Andrew Bird's back hurts.

He's just spent nine days in Jamaica with his girlfriend--a vacation gift to himself before the four months of heavy-duty touring he's about to endure--and he tried body surfing for the first time. It bent his back backwards and he heard a pop. And now it hurts.

The multi-dimensional, shape-shifting musician, who's by now established his name fairly high on Chicago's long list of current artists, has a new record due Tuesday, "Armchair Apocrypha," and it could easily be his best put to tape. Of course, most Bird fans cite his live show first and foremost as his gateway to his audience--either they caught him by accident a few years back or friends had tirelessly pimped him until they gave in--as his stellar, florescent violin playing takes his indie-pop/jazz/gypsy into new realms.

Bird, born to a print-artist mother and a financial-analyst father, grew up, in the beginning, in Evanston, until the family moved to Lake Bluff. "It wasn't the friendliest place to grow up," Bird says, arching his back, over coffee at Logan Square's No Friction Café. "Evanston was cool--it's still a little bit funky, with kind of a more neighborhood feel. We always kind of regretted moving to Lake Bluff. There were block parties in Evanston, it was more like a neighborhood in Chicago. Lake Bluff was a bit more white-picket fence."

He kept to his family. "I'm just glad my family was... cool," he says. "They were good company, and there really wasn't much good company. If I didn't have my family I would've been pretty screwed."

Born in the lower middle of four children--technically in the middle, he says, because his oldest brother suffers from autism, and didn't live with the family for much of the time--his mother put him in music lessons at 4. "My mom had this romantic notion of having all her kids play," he says, "so she put me in Suzuki when I was 4."

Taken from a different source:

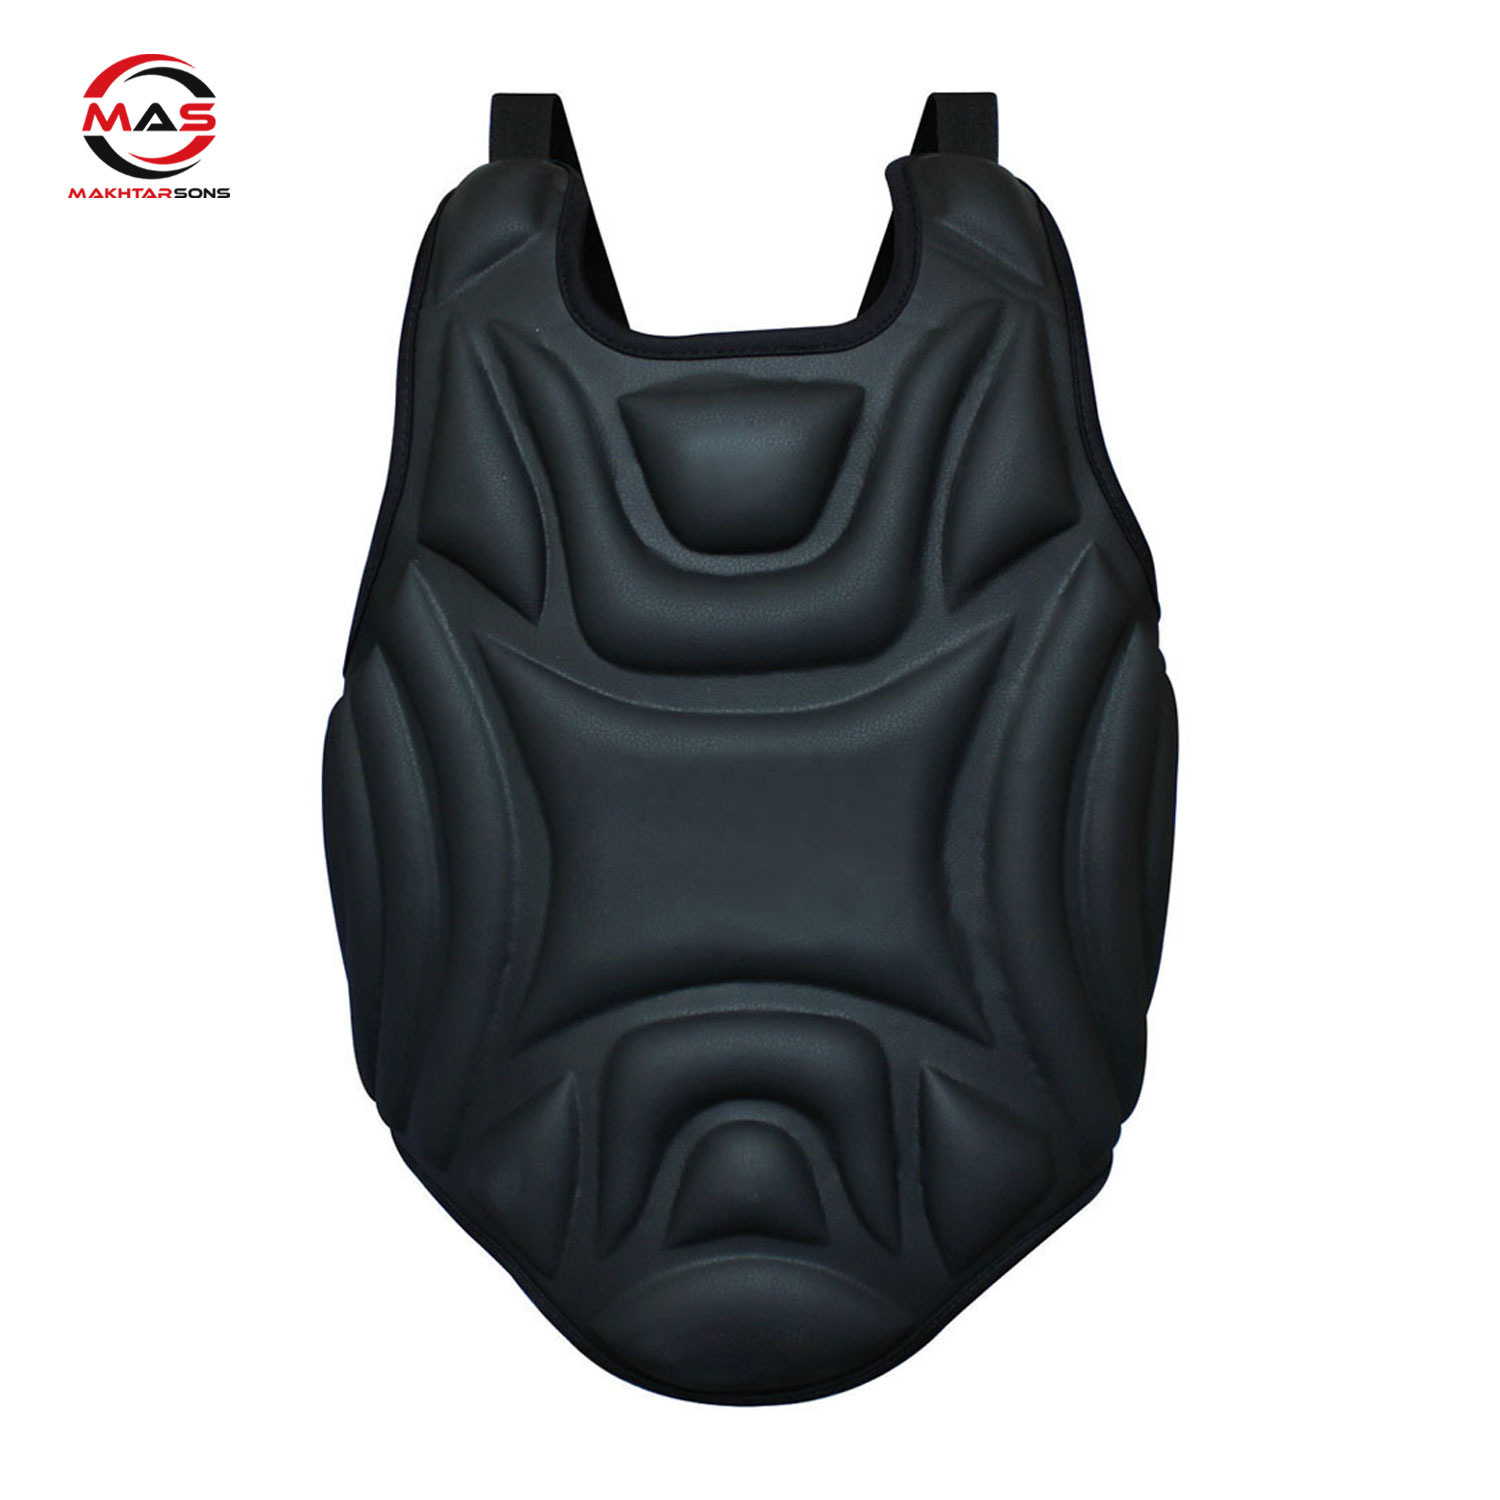 BODY CHEST PROTECTOR | MAS 278

The Suzuki method of musical learning puts emphasis on education through nurturing--with no rigid timetables, it works on the principle that a young child could learn a musical instrument just as he or she could learn a new language. It doesn't stress the study of reading music, but rather playing by ear, which, traditionally, strains the musician's sight-reading ability. In any case, it worked for Bird.

"You're like 4, you're like, `Sure!'" he says of his early musical training. "It's all games and you don't really know what the objective is. It's really methodical and repetitive--but by the time you're 8 you can play pretty well. I credit all that with developing a good ear. I didn't learn how to read music--well, I did, but later, reluctantly--but my ear was always faster than my brain or eyes, as far as music goes, so I would learn very complicated pieces just by ear."

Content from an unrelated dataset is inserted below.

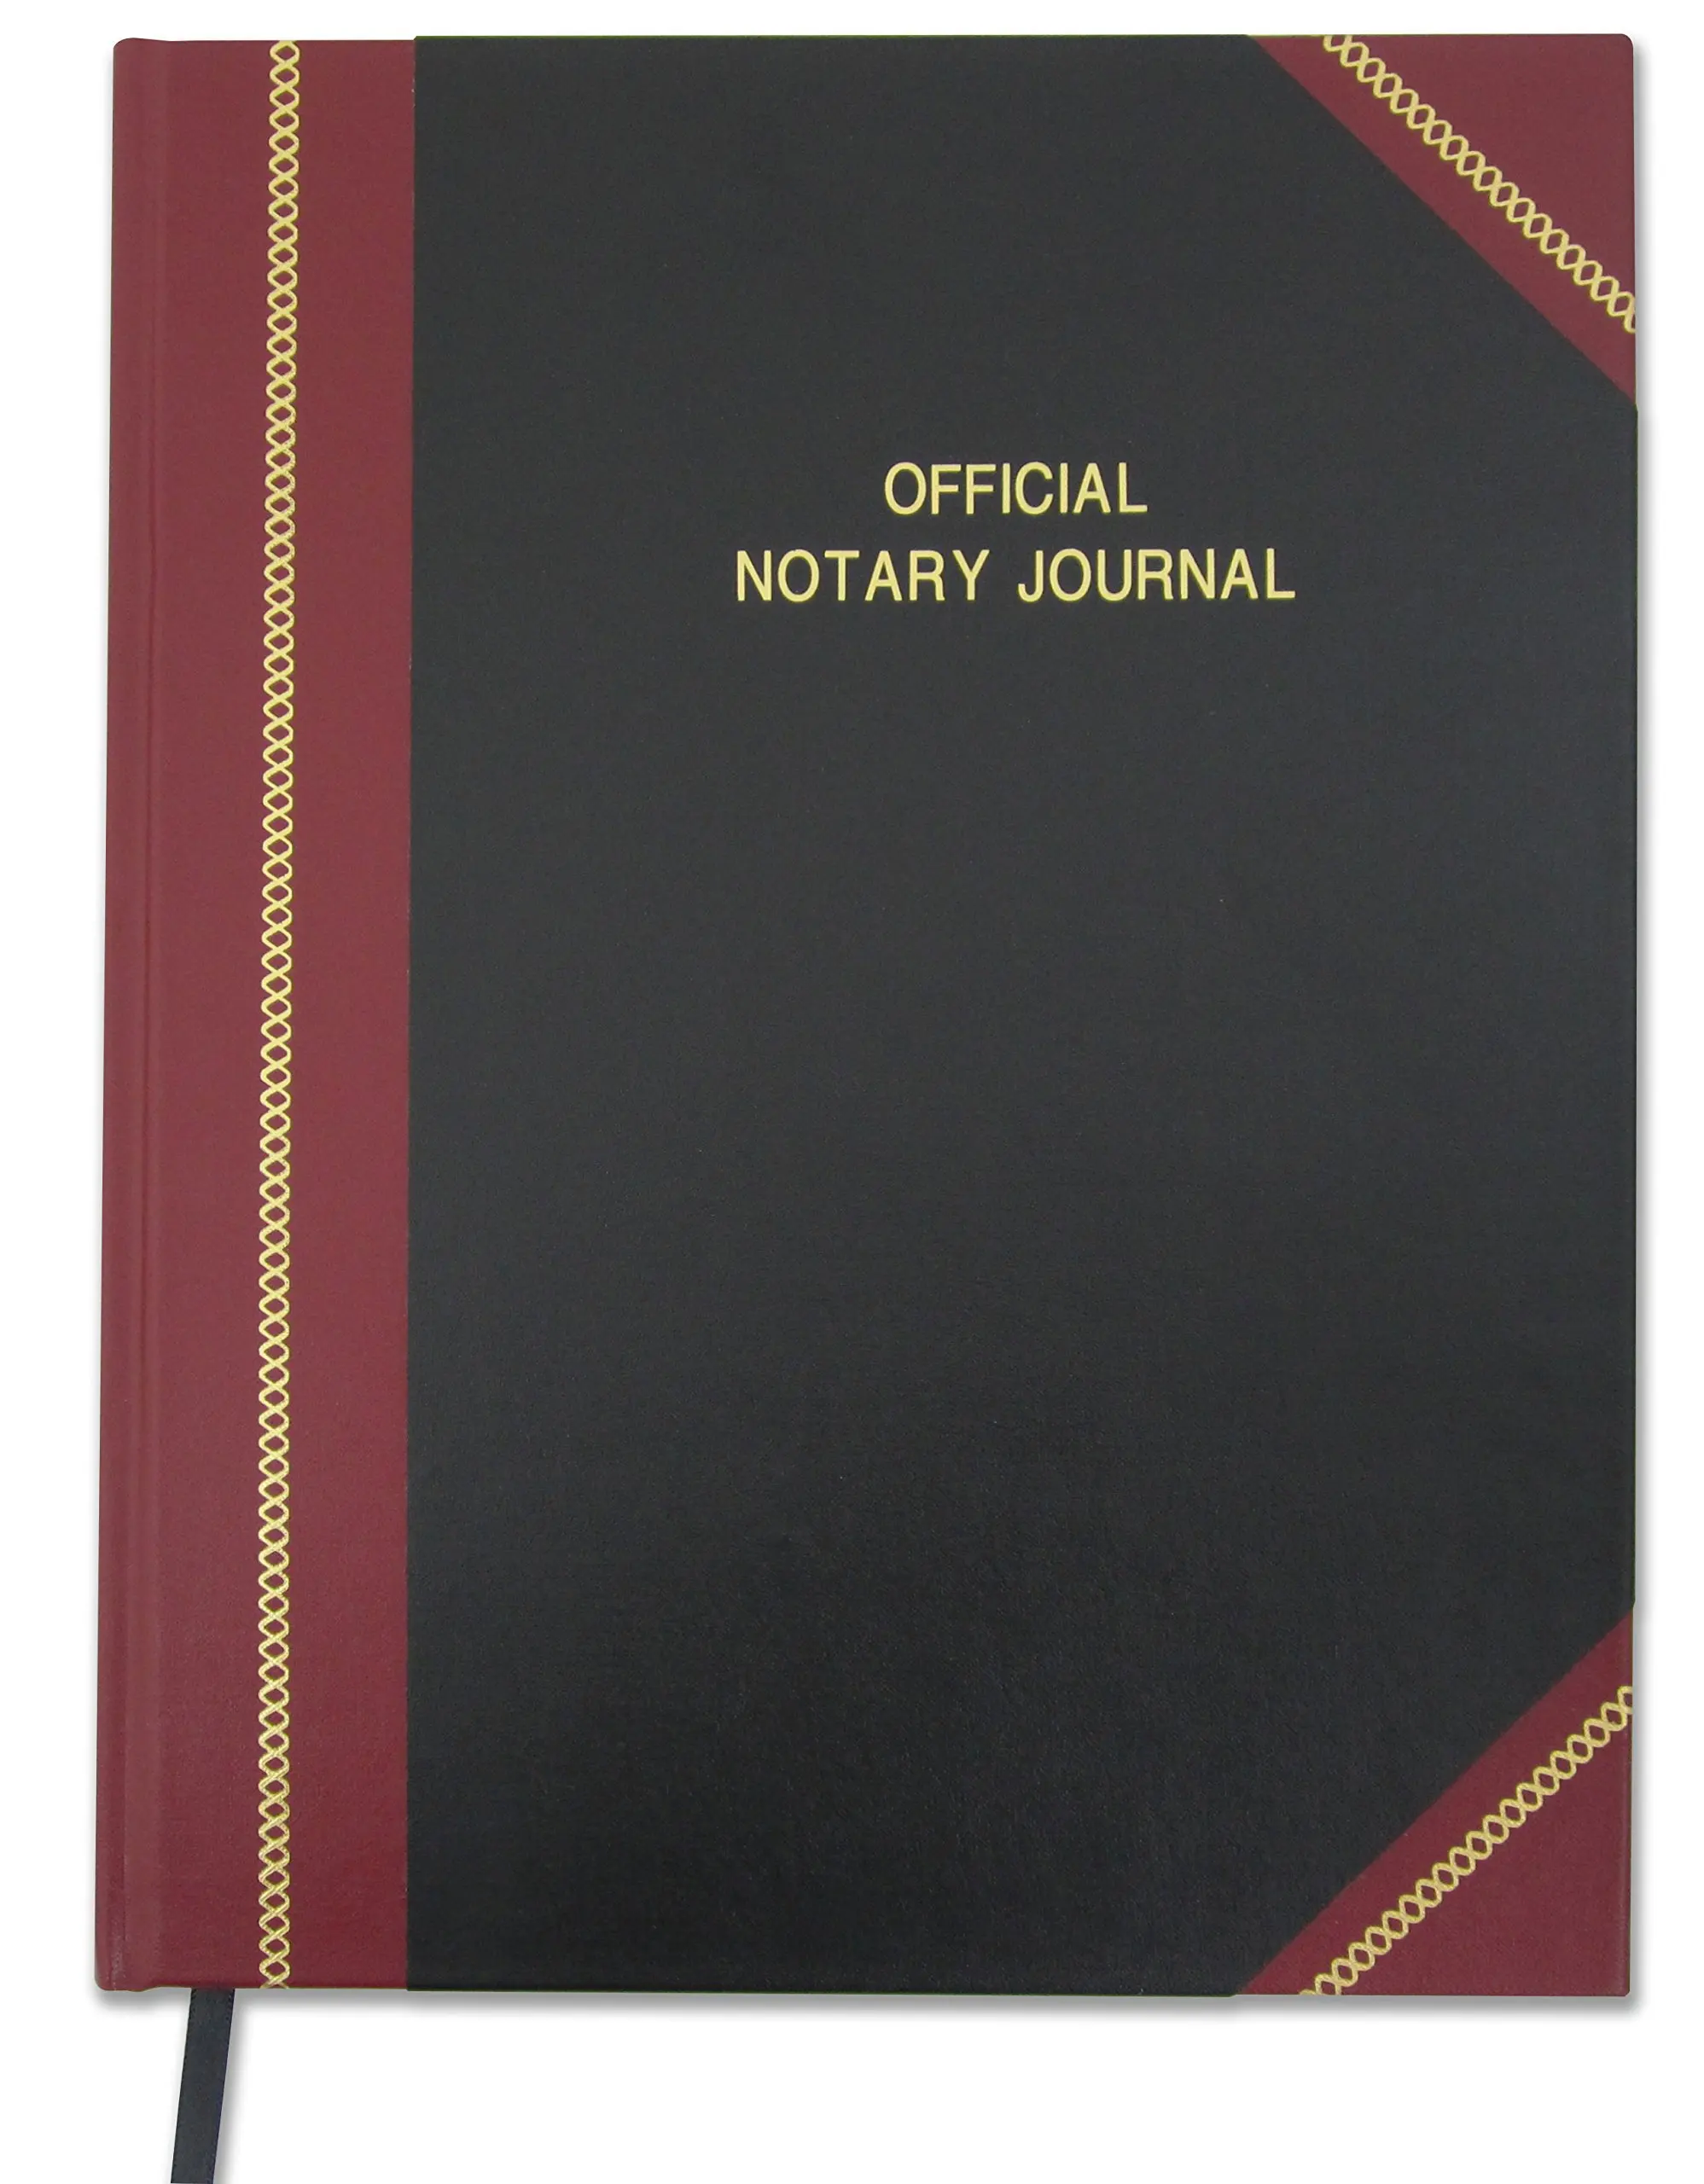 notary journal with privacy guard

At 13, Bird transitioned to the more typical classical-music schooling, which he didn't respond to as well. "There's this whole attitude," he says, "where it's preparing you for the harsh world, the culture of classical music. There was this seriousness to the whole thing. It wasn't fun at all. Playing in orchestras--it's super-competitive, mean-spirited."

Despite the strictness of his "serious" studies, Bird insists he was a well-rounded kid. He was active in sports--skiing and soccer--and it wasn't until he was 16 that he started, himself, getting serious about the music.

"My friends were listening to 4AD bands, Goth, the beginnings of indie rock. I was listening to Mozart's `Requiem.' Lighting candles, getting hyper romantic about it. I really wasn't at all interested in pop music. I had kind of an adverse physical reaction. There was stuff I liked--like the Pixies. I liked them for some reason."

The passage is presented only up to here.